▶ _How to complete this task_
Keep every word of the listing and drop the images when you write it out.

▶ _Given material_
=======
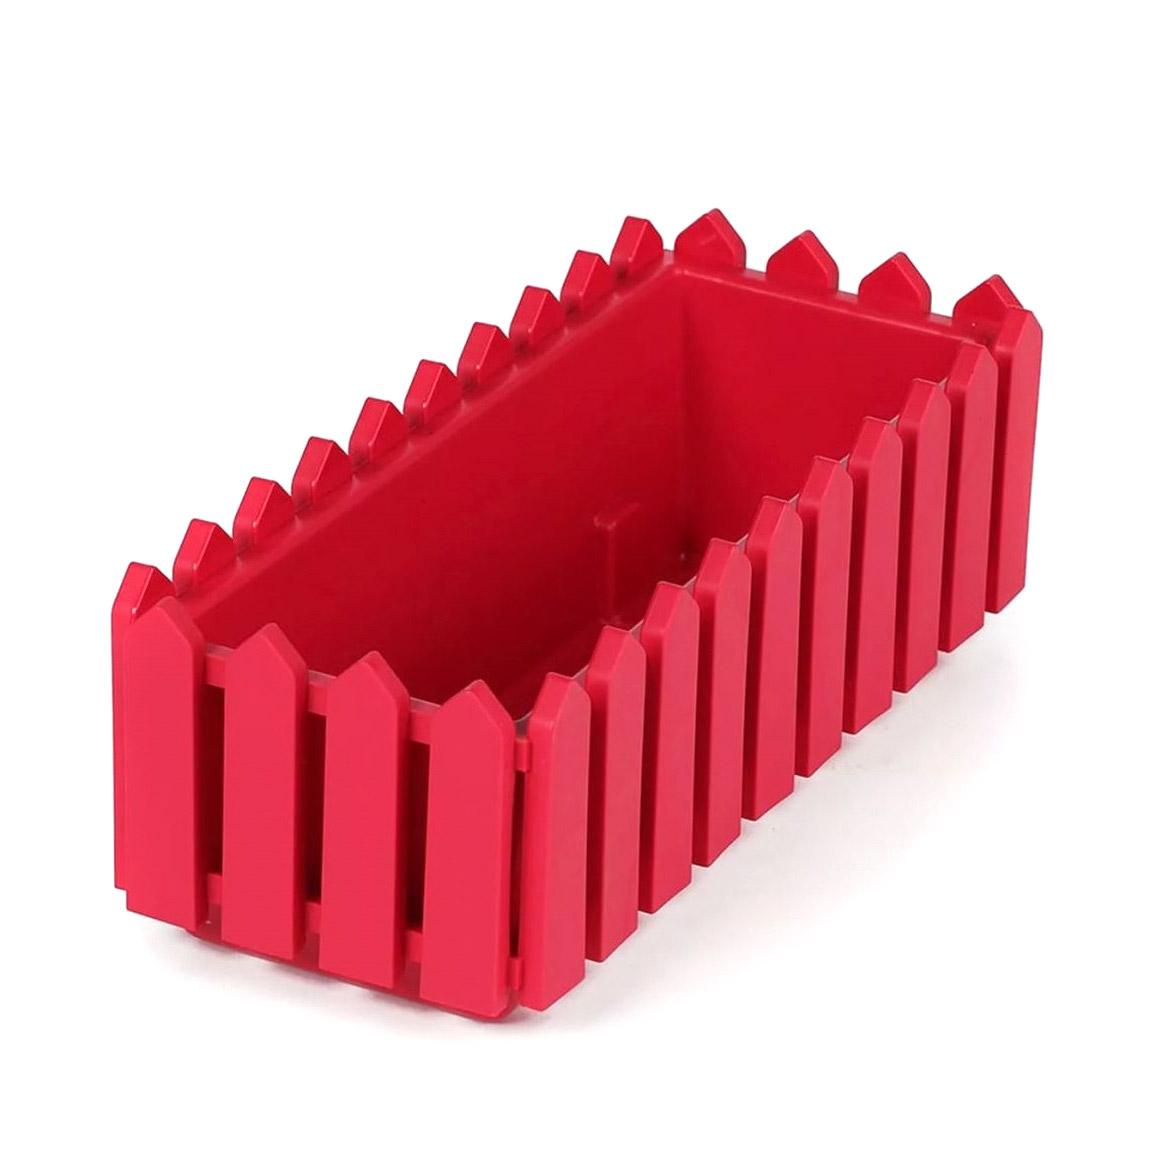 Ящик Элластик-пласт Лардо с поддоном Красн 47х19.2х16 см фото
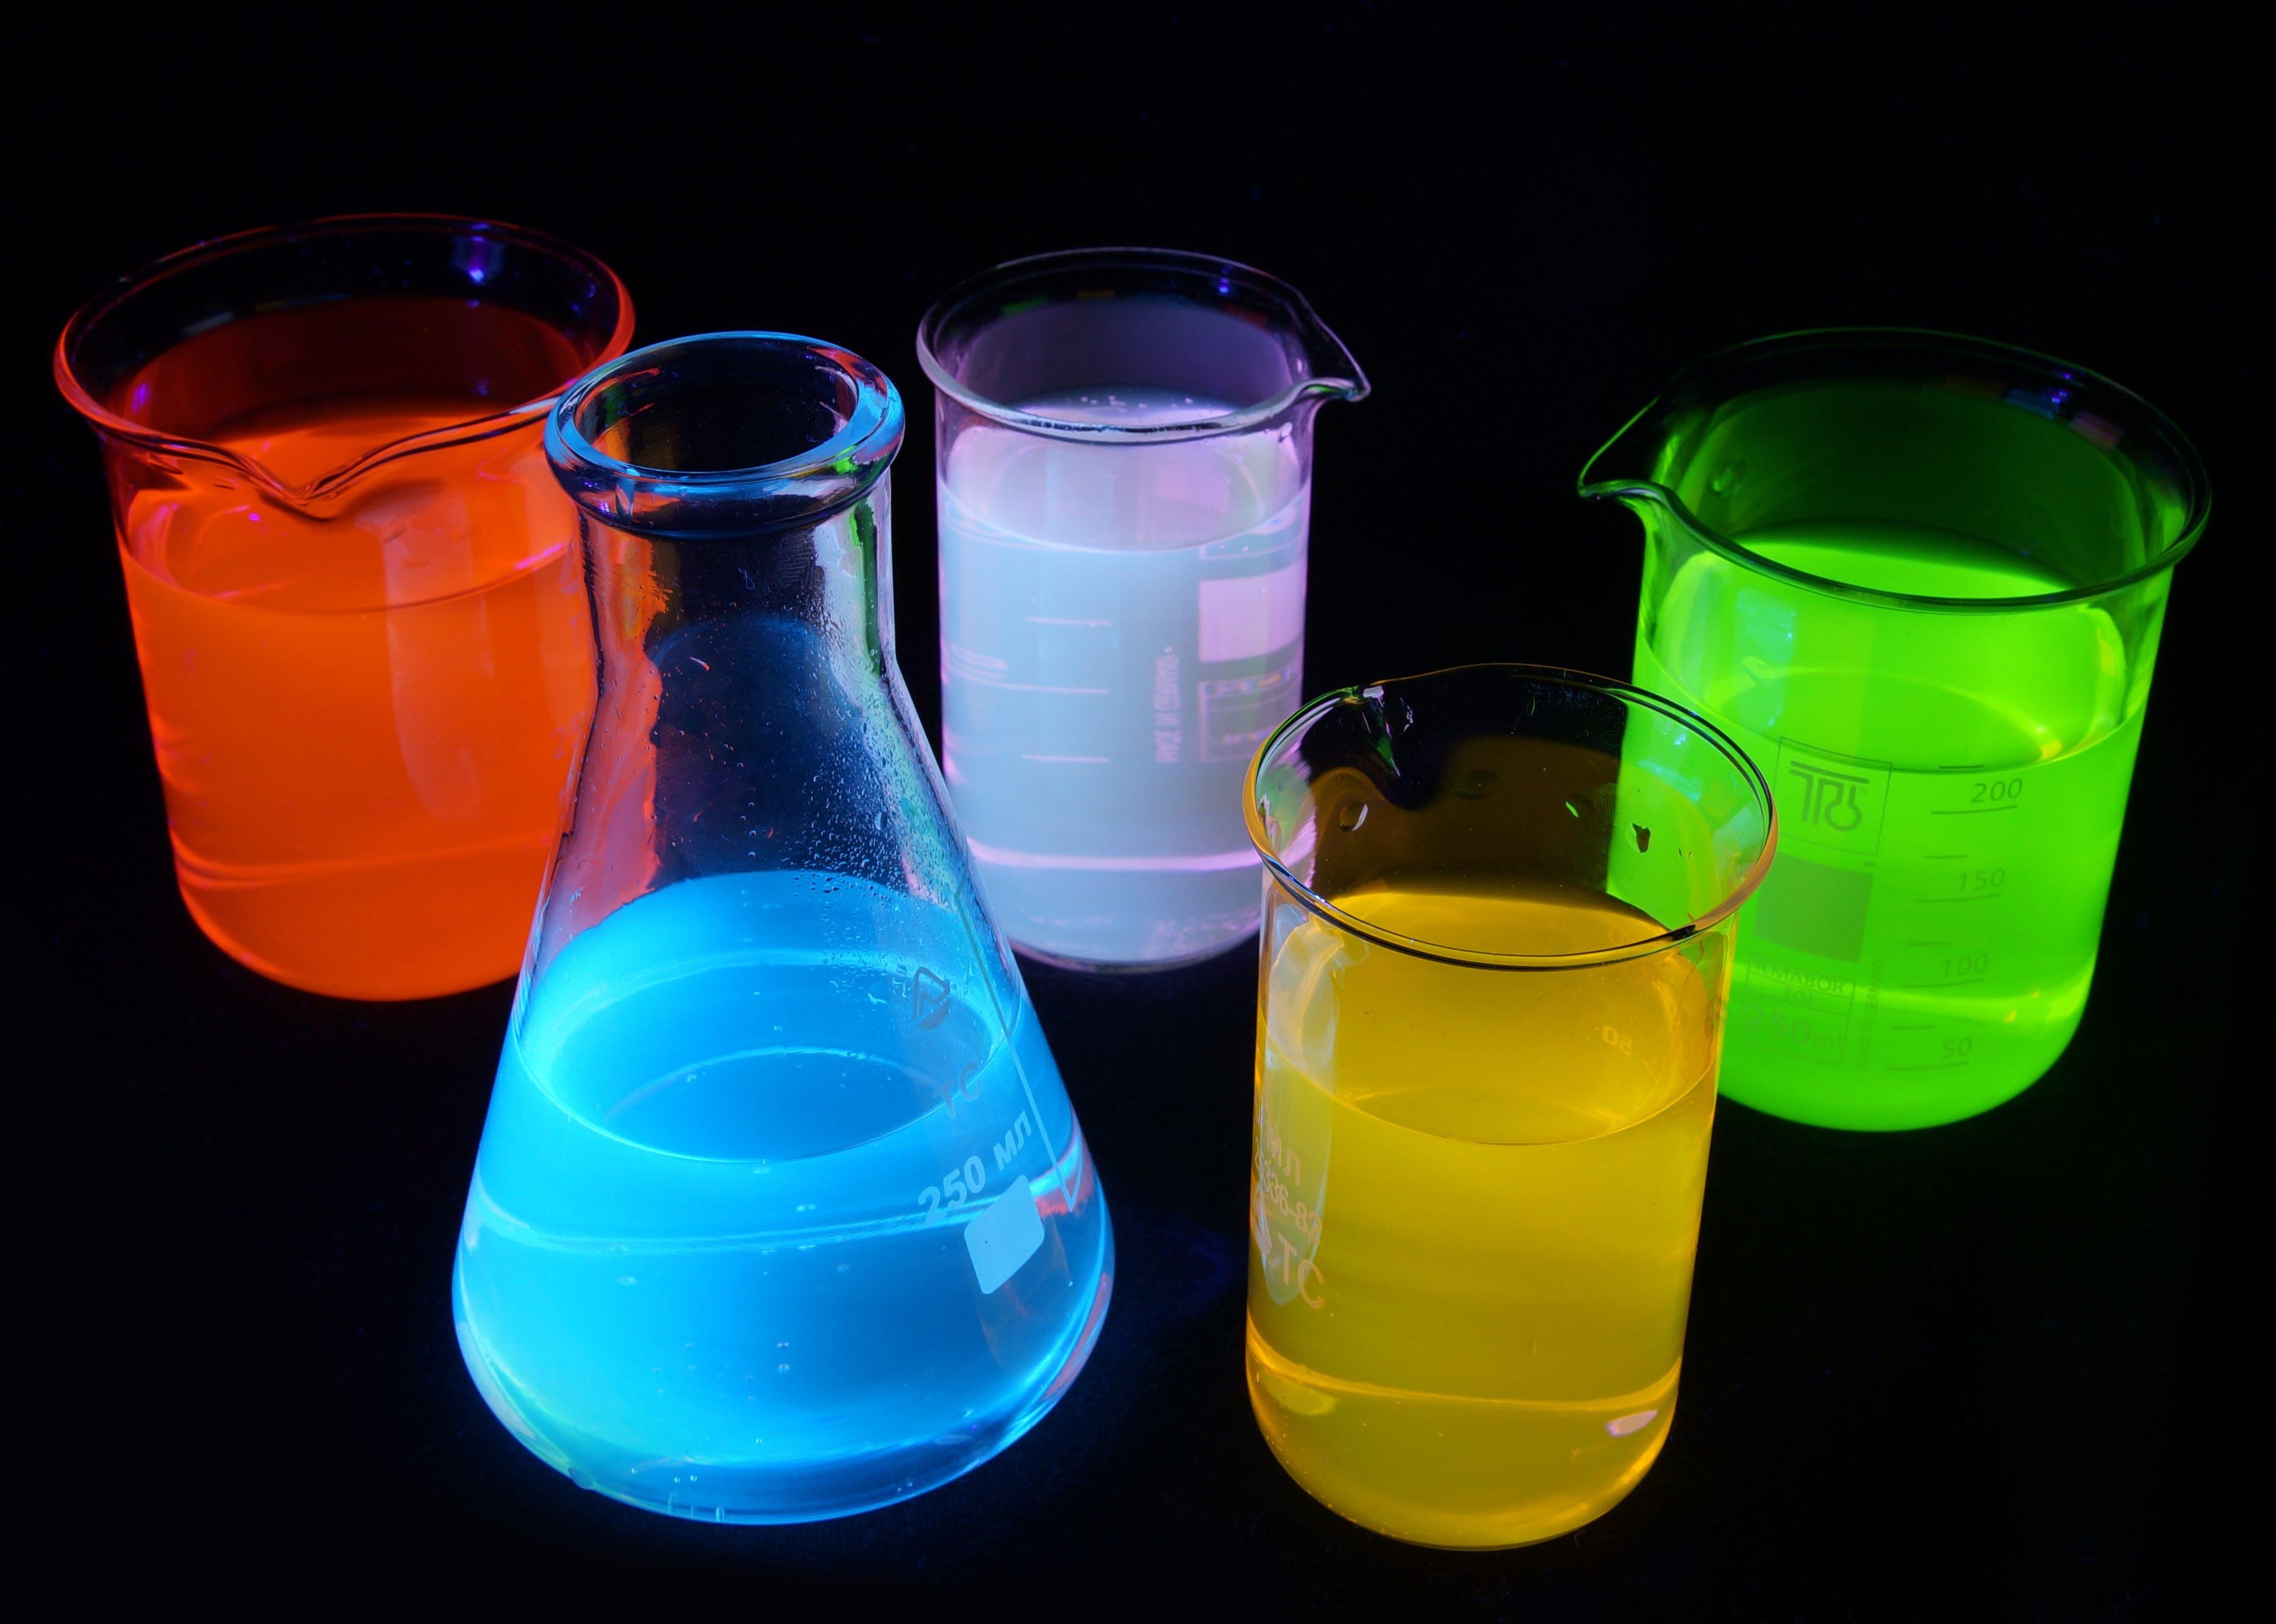 Rainbow test tubes
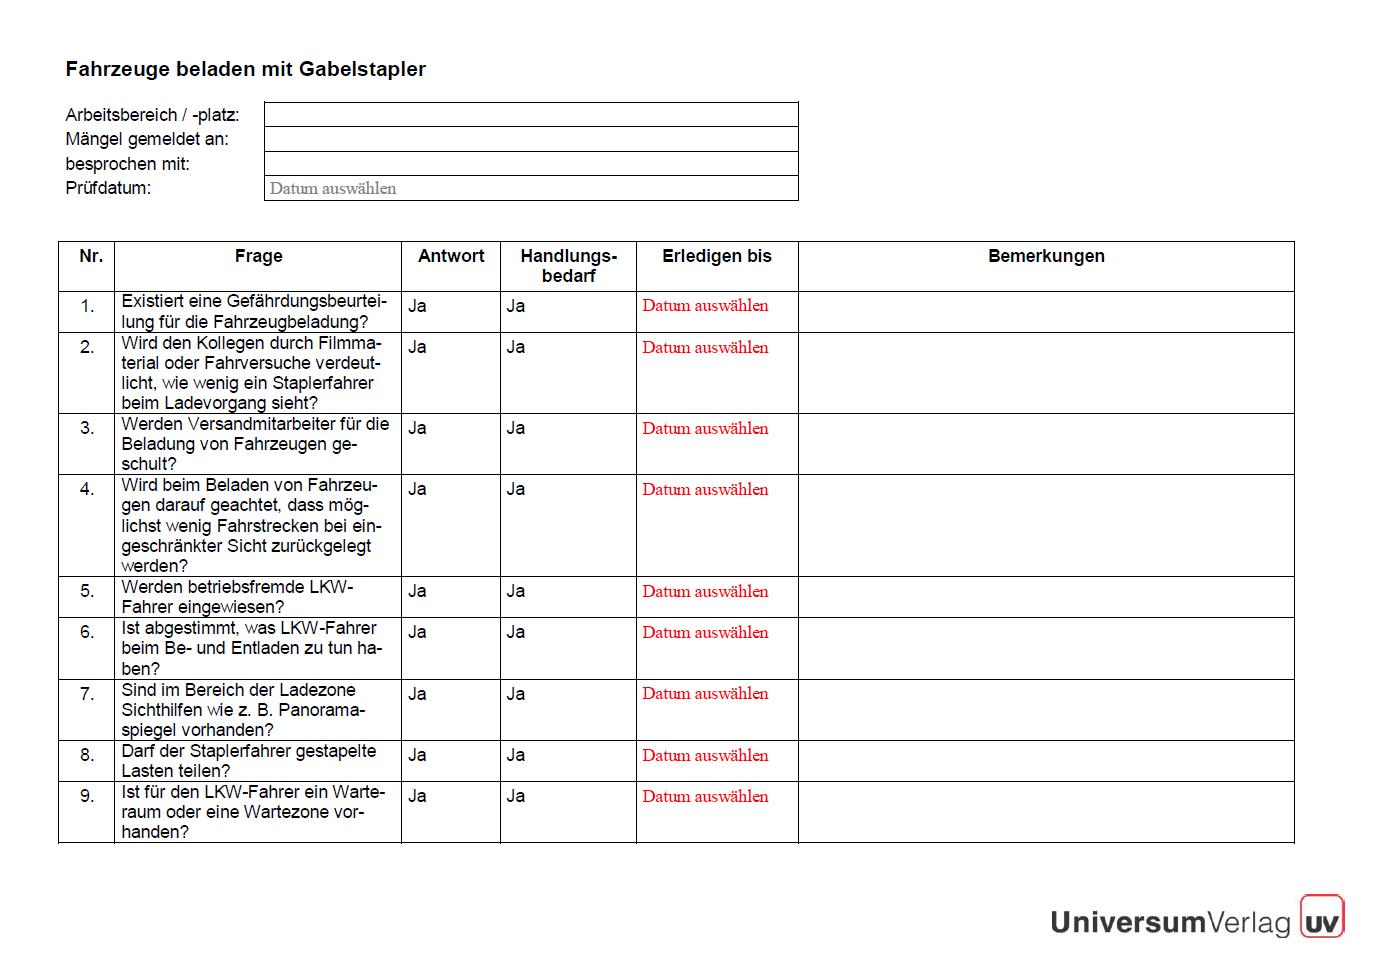 Checkliste Fahrzeuge Beladen Mit Gabelstapler Sofort Download
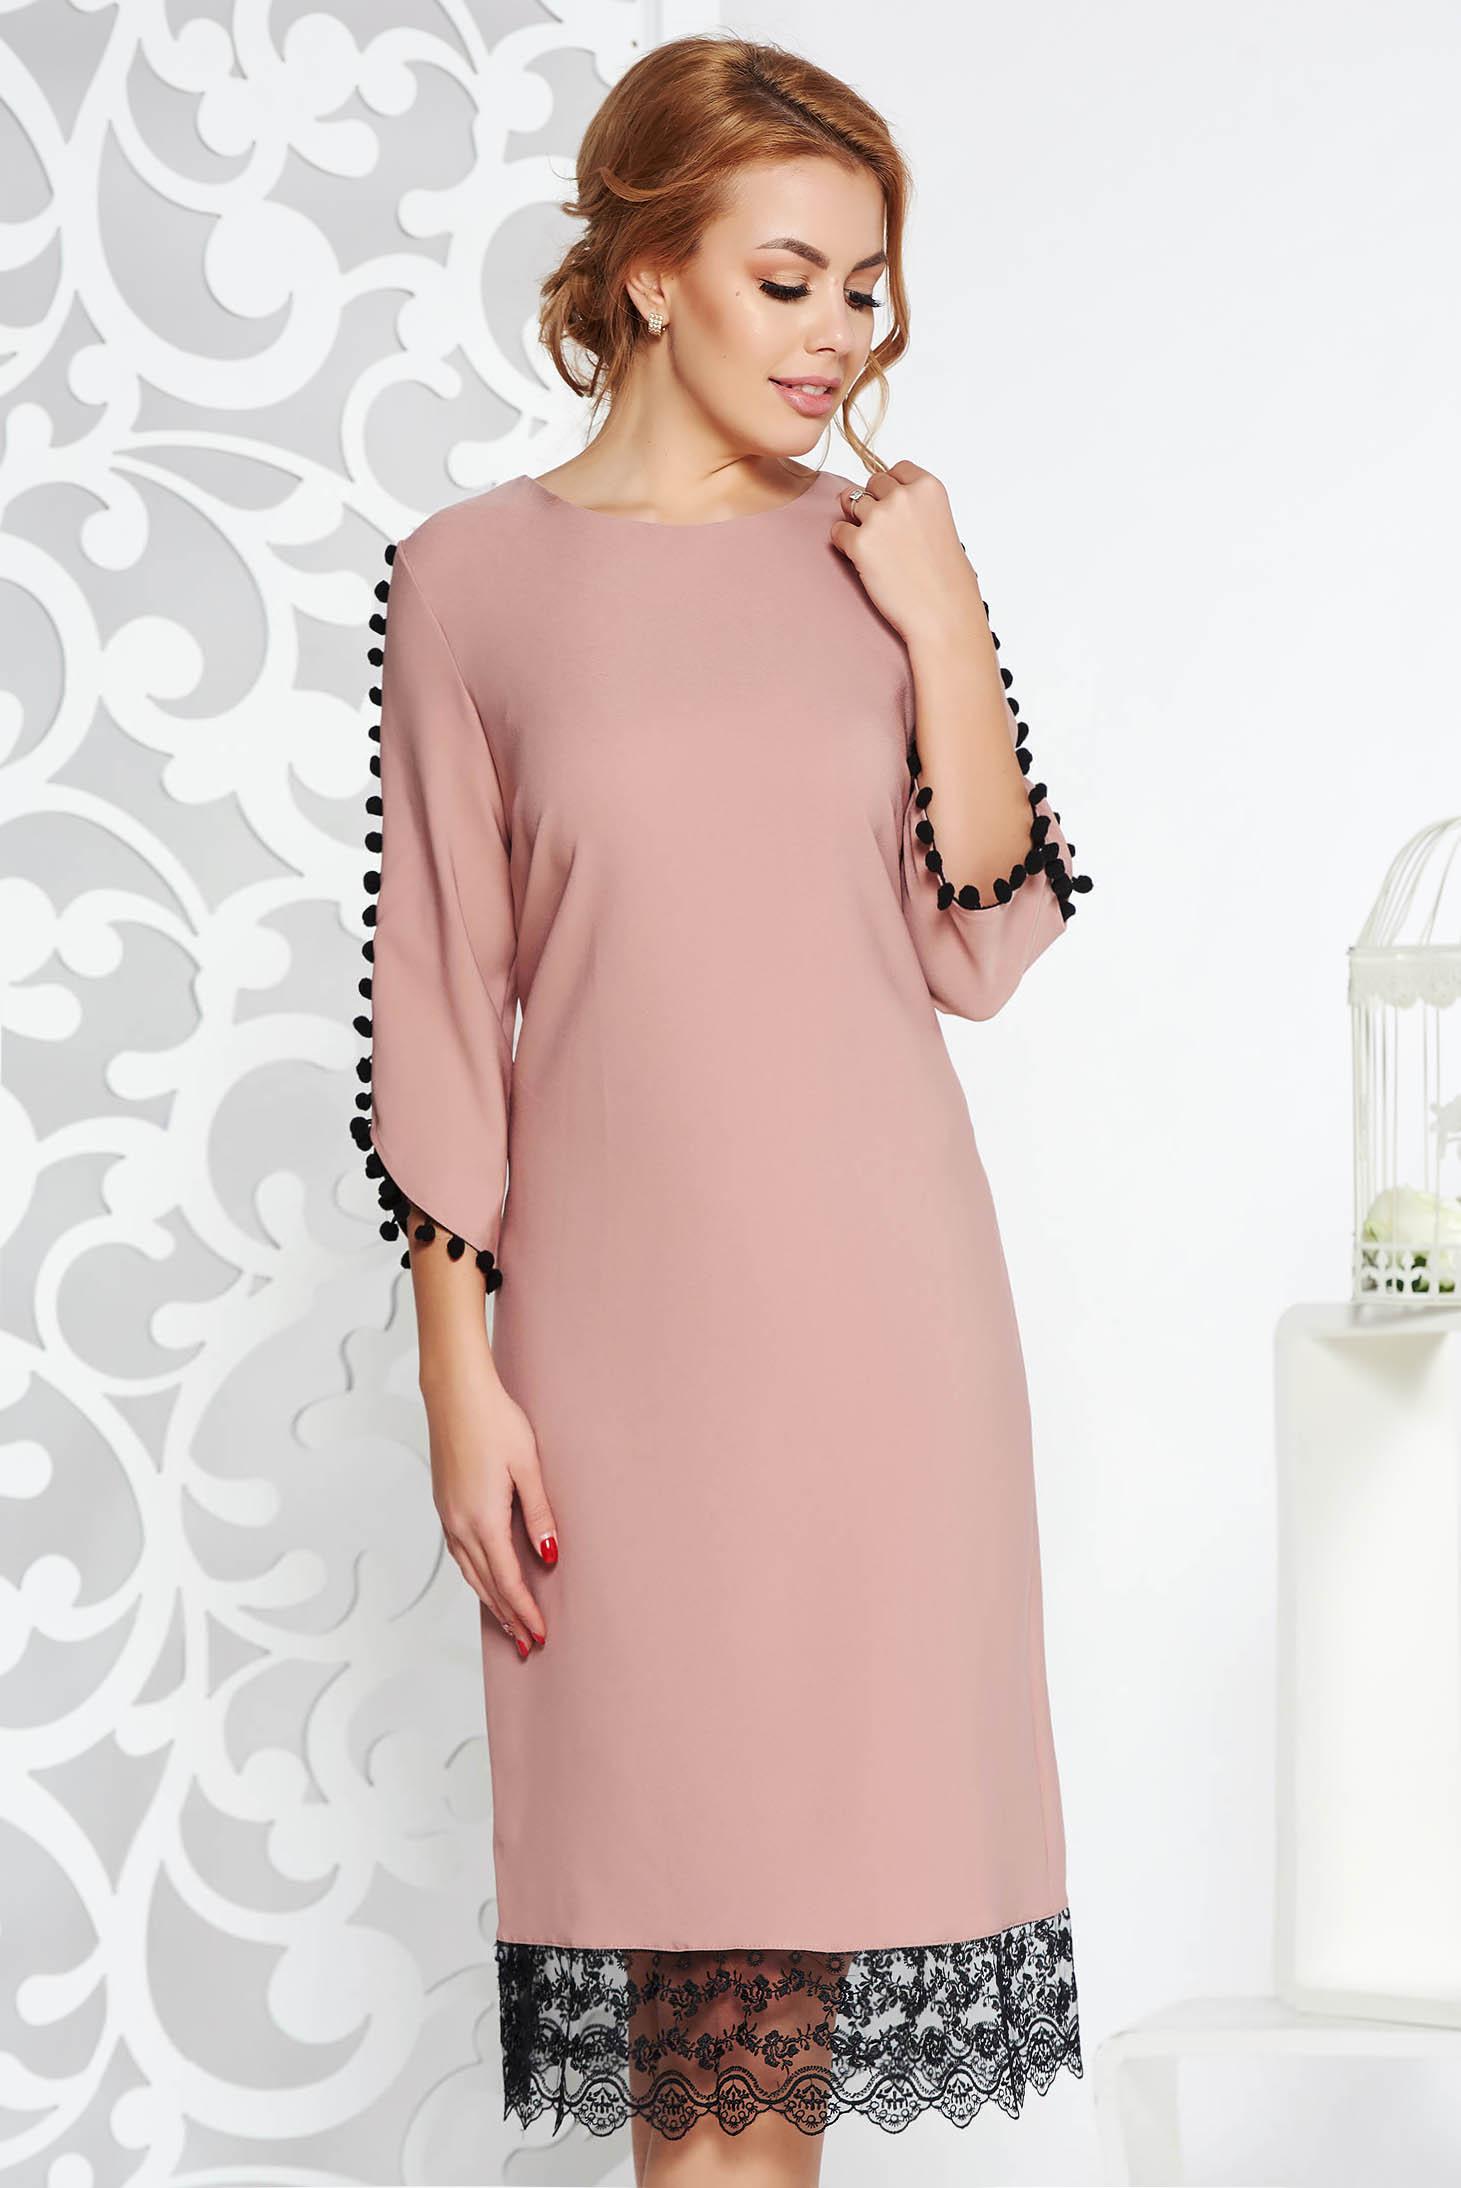 Rochie rosa eleganta cu croi larg din material usor elastic cu aplicatii de dantela cu ciucuri
=======
▶ _Answer to the exercise_
 Ящик Элластик-пласт Лардо с поддоном Красн 47х19.2х16 см фото
 Rainbow test tubes
 Checkliste Fahrzeuge Beladen Mit Gabelstapler Sofort Download
 Rochie rosa eleganta cu croi larg din material usor elastic cu aplicatii de dantela cu ciucuri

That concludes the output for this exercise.